I'm worried however that everyone here is not being critical enough since you
are an 8th grader. The only way you will get better is to get honest feedback,
so here's mine. Most of my feedback is design oriented, since I can't see your
code.

First up is calendar tab. First issue is that tapping on the table cells do
nothing, but give me a blue highlight. You should disable selections on these
since they do not actually drill in anywhere. Your choice to split the events
into Today & Upcoming is a good idea. For Today events, you put the time, for
upcoming events, you put the date in the secondary info, which makes sense. I
would suggest for upcoming events, you look into making the dates more
readble. For example, instead of "12/13/12", it would be useful to say
"Tomorrow". Or instead of "12/15/12", say "Next Wednesday." This is more work
for the computer, but less work for your users to do in their heads. (Anytime
there is something you find like this, do it!) For farther out things, include
the day of the week, since (as far as my dusty middle school memory goes) the
day of the week really matters a lot as far as your schedule goes. Finally,
the Feedback button doesn't really belong here. I realize there is currently
not a better place to put it, so I don't really have a good answer for you,
but usually Feedback is not on the first screen of an app since it is a
secondary or tertiary function and that real estate is primary real estate.

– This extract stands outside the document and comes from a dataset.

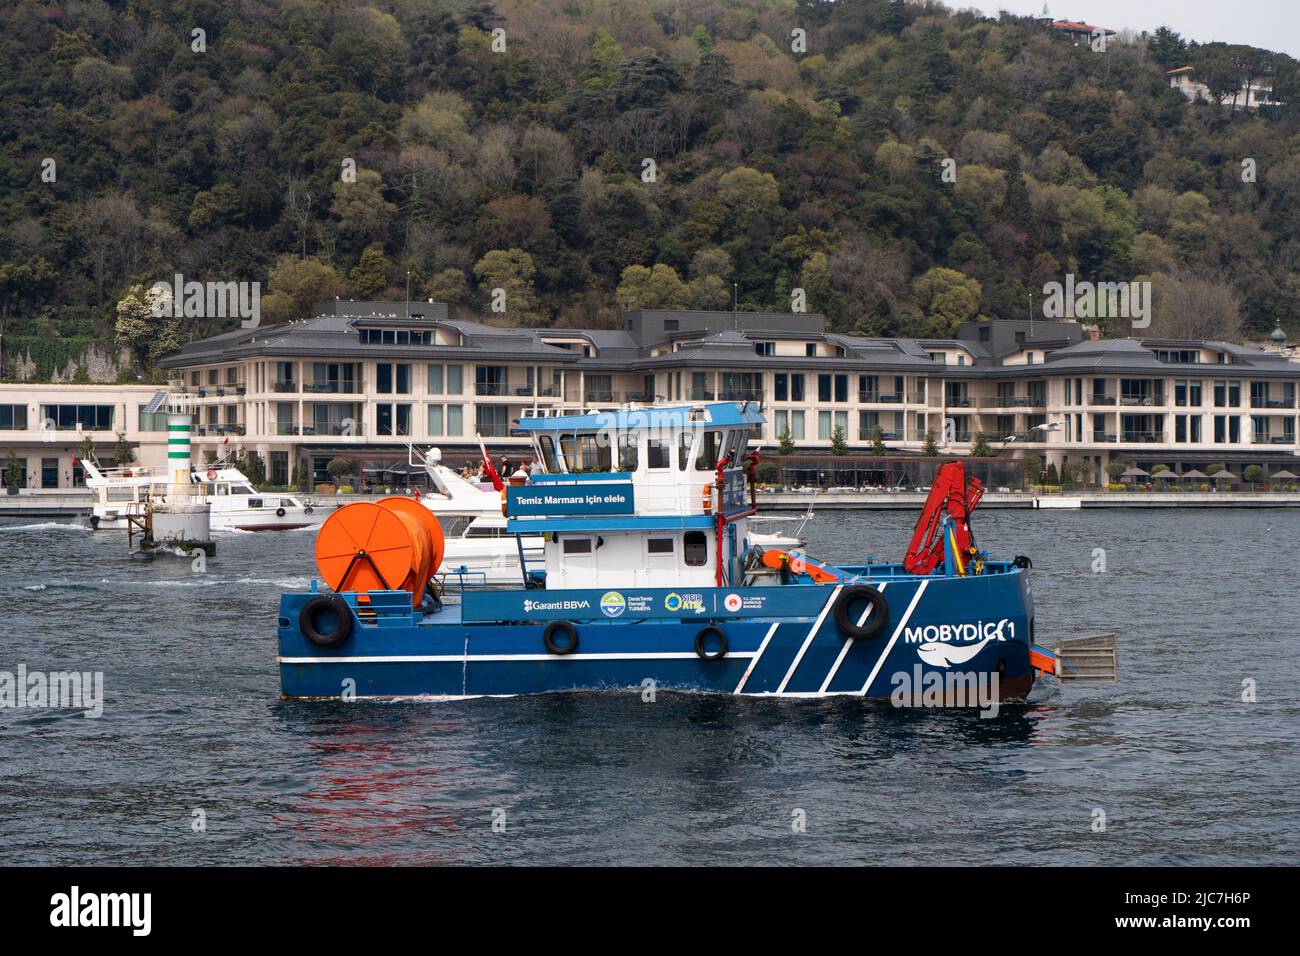 Sea Surface Cleaning Vessel called Mobidick on the Sea at Bosphorus Stock Photo

Next up, schedule. I like your choice of using the segmented controls for
grade selection, but here's something to think about: how often does your
grade change? Only once a year. Segment controls are useful if you need to
continually switch between things. I noticed you _do_ save the selection,
which is really smart! But, a better approach might be to ask the user when
they first visit this tab what grade they are in, save that, and then provide
a button in the navigation bar to change that setting. (You can try using an
action sheet for this.) This way, you free up that real estate on the screen
to show more information instead of having the segmented navigation taking up
precious space.

Also, in the schedule tab, you have a really, really long list of stuff. In
fact, you realized this, so you added a Jump button! Along the way, if you are
building something like this, and it feels like you need to build something
clever like that, it usually is a sign there might be a way to simplify
things. Here's what I would to do start. First, you can get rid of the
segmentation control like I mentioned above. Now, you could use a segmentation
control instead to choose the type of schedule you are in. The problem with
that though is that there are five types of schedules, and that's a pretty
large number of choices for a segmentation control. But, even more
importantly, just like your grade, you probably don't change your schedule
type very often! In fact, as you noticed since you put it at the top, unlike
your grade (where everyone is probably evenly split between grade), most
people all are on a normal schedule, and then everyone changes to weird ones
once in a while.

A better format for your schedule screen might be something along the lines of
the weather app, where you flick to page between the different schedules. You
can start off on the Normal schedule, and then swipe between pages. This is a
pretty intuitive interface and makes it so the user can jump right to the
information they need on the rare occasion they are not in a regular schedule,
and removes the need to scroll very far. And it also gets rid of the need for
that "Jump" button, which is taking up a very useful slot in the nav bar for
future features!

Next up is assignments. First, lets talk about the "Manage" button. When I go
into manage, there seem to be only two things I can do: move assignments
around or clear the list. I might be wrong here, but I don't see the point of
moving assignments around. This might be the first place where you fell into
the trap of doing something cool that is not very useful, but I could be
wrong. I _think_ the help text said I should be able to delete things, but I
couldn't get that to work. The thing that makes sense is the Clear button.
This prompts me correctly to clear completed assignments, and does so. Since
the rest of the "Manage" mode seems not very useful, and modes in general are
a bad sign when designing stuff, you should remove the manage mode and just
put a "Clear" button in the top left corner. Since you are clearing completed
assignments, it might make sense to try putting "Clear Completed" on the
button, but that could be too long so I would try it and see how it looks. But
right now, hitting "Clear" is a bit scary, since it makes me worry that it
might actually clear _all_ my assignments. (Your pop-up confirmation of course
is an important thing and I was glad to see you added it, but users should be
able to have as good an idea as possible of what they are getting into when
they tap a button!)

Now, when I am not in manage mode there are a few issues. First, I noticed
that when I tap on the checkbox this moves between current and completed. This
makes sense, but the checkbox is very hard to tap. Instead, leave the checkbox
as a way to indicate to the user if things are completed, but make it so i can
check off an assignment by tapping anywhere in the entire table cell. One of
the most important things in a touch interface is to make sure the tappable
areas of the screen are very large and unambiguous. In fact, for many of the
controls on the iPhone, the area you can tap is much larger than the on-screen
representation. (This type of thing is part the reason Apple had to rebuild
their OS from the ground up to be used with fingers instead of mice.)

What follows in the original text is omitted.